In Fig. 20, the simulated fluid production rates are shown for models built with the adaptive POD basis with a variable number of additional components. In all the presented cases, the POD basis adaptation was performed using 50 additional snapshots.

Fig. 20
figure 20

Simulated fluid production rates for models with the adaptive POD basis with a variable number of additional components: a 1 component, b 3 components, c 5 components, d 10 components

Deviations of the simulated fluid production rates with respect to the full model were calculated for the cases with the adaptive POD basis constructed with a variable number of additional components. The corresponding RRSE graphs are presented in Fig. 21.

Fig. 21
figure 21

Root relative squared error of simulated fluid production rates with respect to the full model as a function of the number of additional components of the adaptive POD basis

One can observe that the influence of the number of additional components of the adaptive basis on the production rate simulations is relatively small, and typically 1–3 additional components are sufficient for a satisfactory basis adaptation.

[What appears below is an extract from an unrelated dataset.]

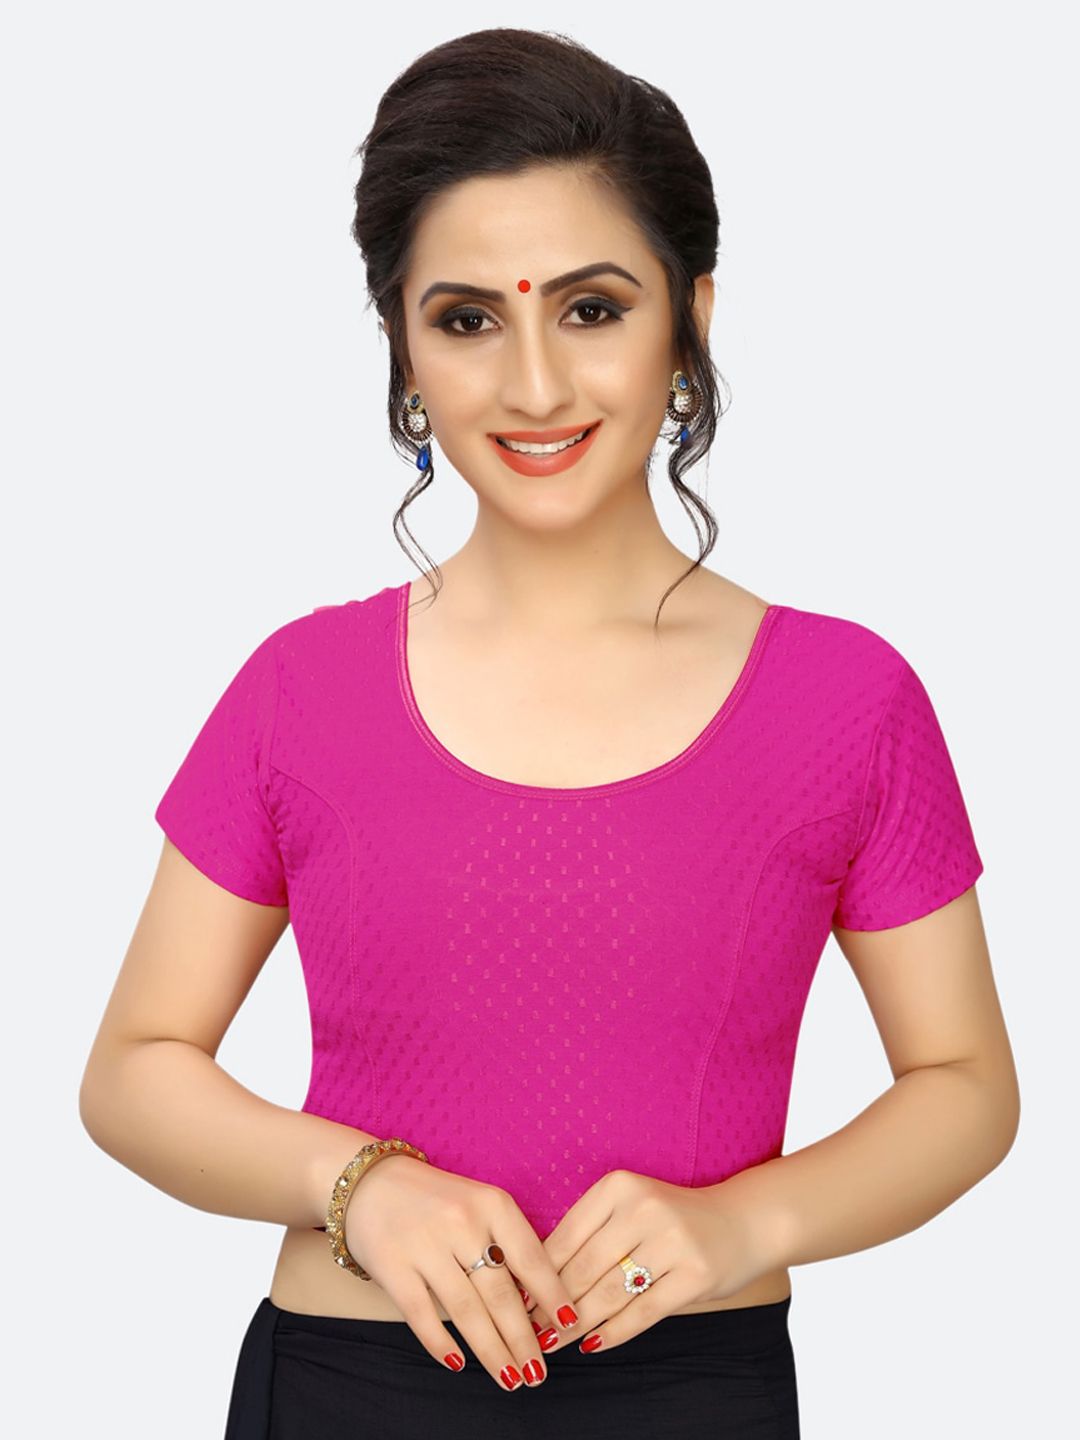 SIRIL Pink Woven-Design Saree Blouse Price in India

5 Conclusions and Future Work

In this work, separate approaches for efficient use of POD-Galerkin ROMs for reservoir simulation were explored for several problems in which variations of the boundary conditions, such as well location and geometry, are essential. In the universal basis approach, a training data set is generated that contains snapshots of the solutions corresponding to all of the considered well geometries. This approach allows using the same POD basis for simulating scenarios with various well geometries. However, that comes at the expense of a relatively large number of the universal POD basis components required to obtain a reasonable accuracy of the simulations. Another drawback of this approach is the necessity to generate a very large training data set to reflect the entire range of possible scenarios. The universal basis approach may be suitable in cases where a relatively small range of possible well geometries needs to be explored.

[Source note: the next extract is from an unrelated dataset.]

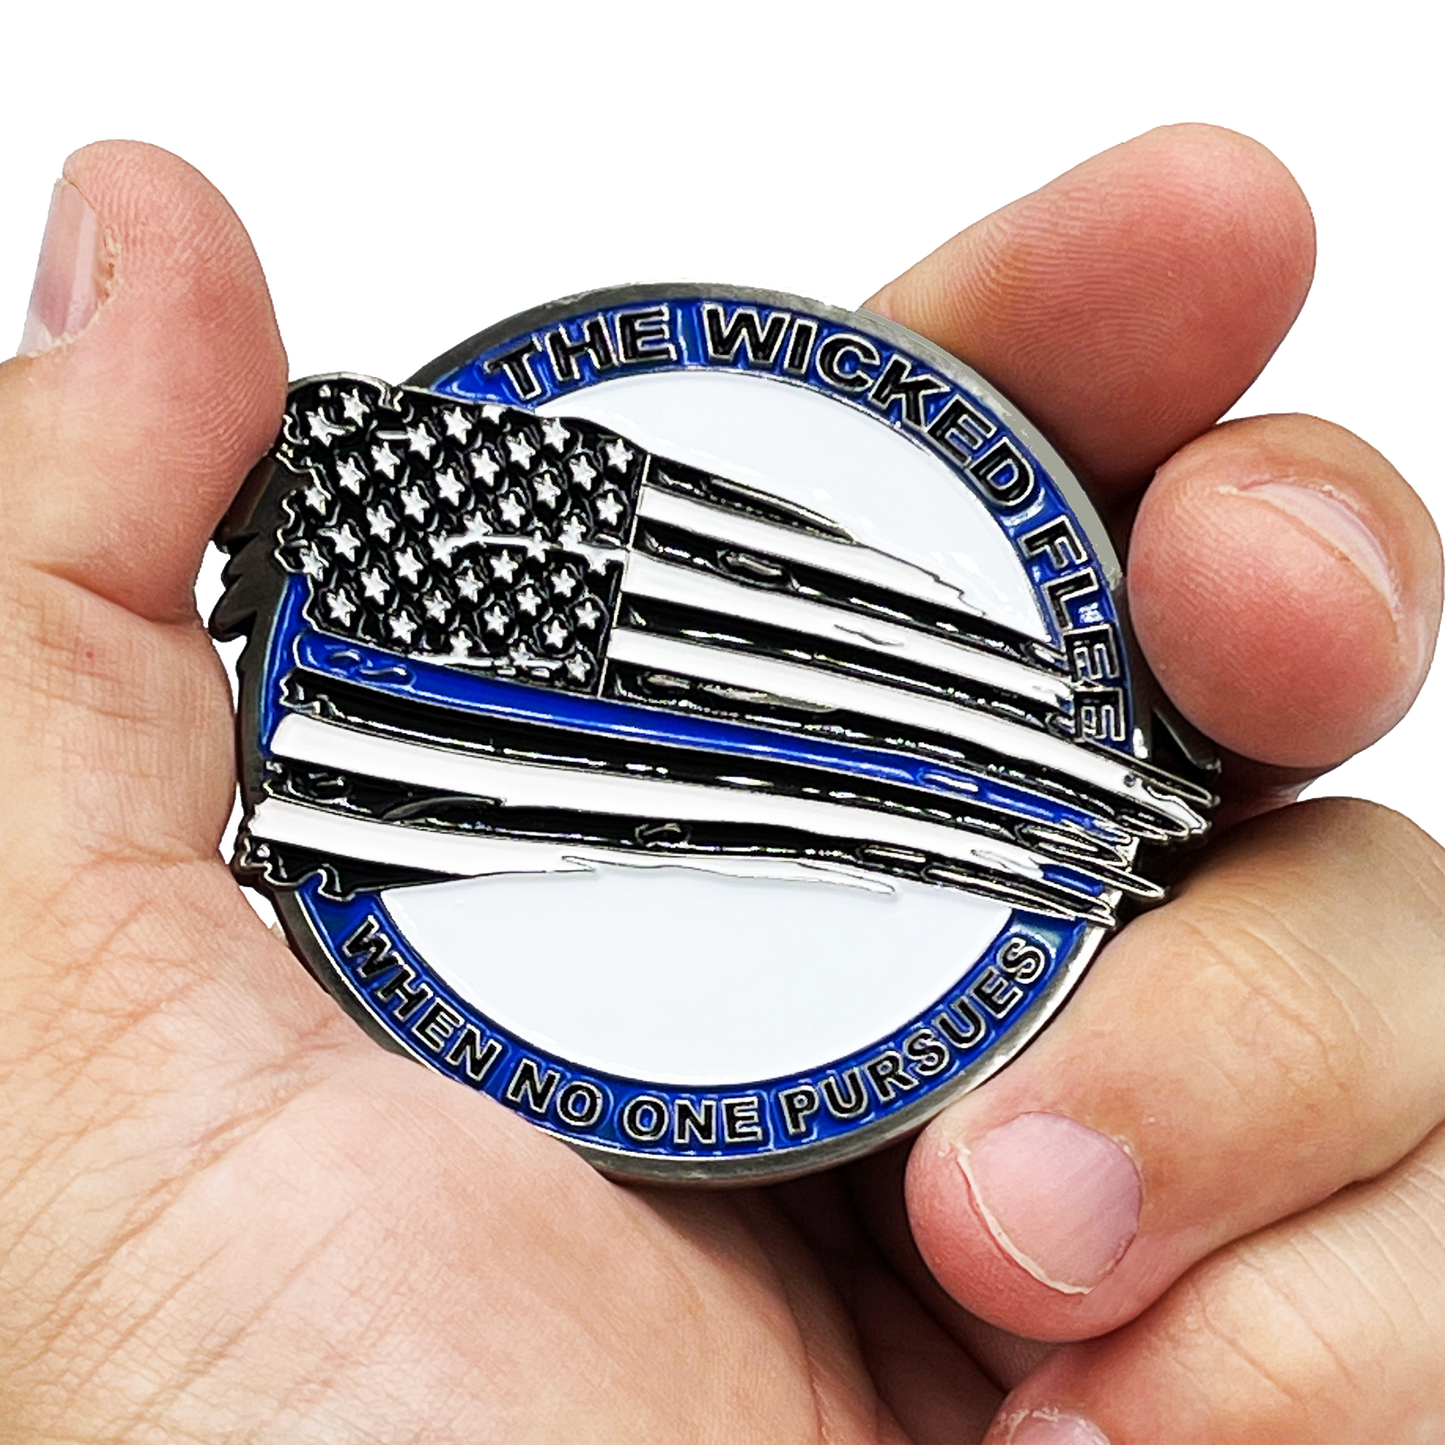 BL5-015 Thin Blue Line Flag and Eagle Police Challenge Coin NYPD CHP LAPD Chicago NOPD Police Officer CBP

The new approach introduced in this work is based on the adaptation of the POD basis to variable well configurations. This approach enables using the POD basis constructed for a specific model configuration to simulate a different problem setup. Such an adaptation of the POD basis is achieved at a relatively low computational cost by updating the basis with a few additional components obtained from the snapshots of the new model configuration. It was found that the number of such additional snapshots is substantially smaller than the one required for building a new POD basis from scratch. The new adaptive method was validated on several test cases; a POD-Galerkin ROM was used to simulate immiscible oil displacement by water injection in various settings of a synthetic reservoir model in which a horizontal producer had variable location, length, and orientation.

In the present work, the adaptive POD reduction technique was only applied to the pressure field. An extension of the proposed adaptive approach that includes the reduction of the saturation-related variables is in the scope of our future work. Another envisaged direction of studies is the application of the adaptive POD approach to address reservoir optimization problems, such as finding the optimal well design, well completion, and hydraulic fracturing schemes.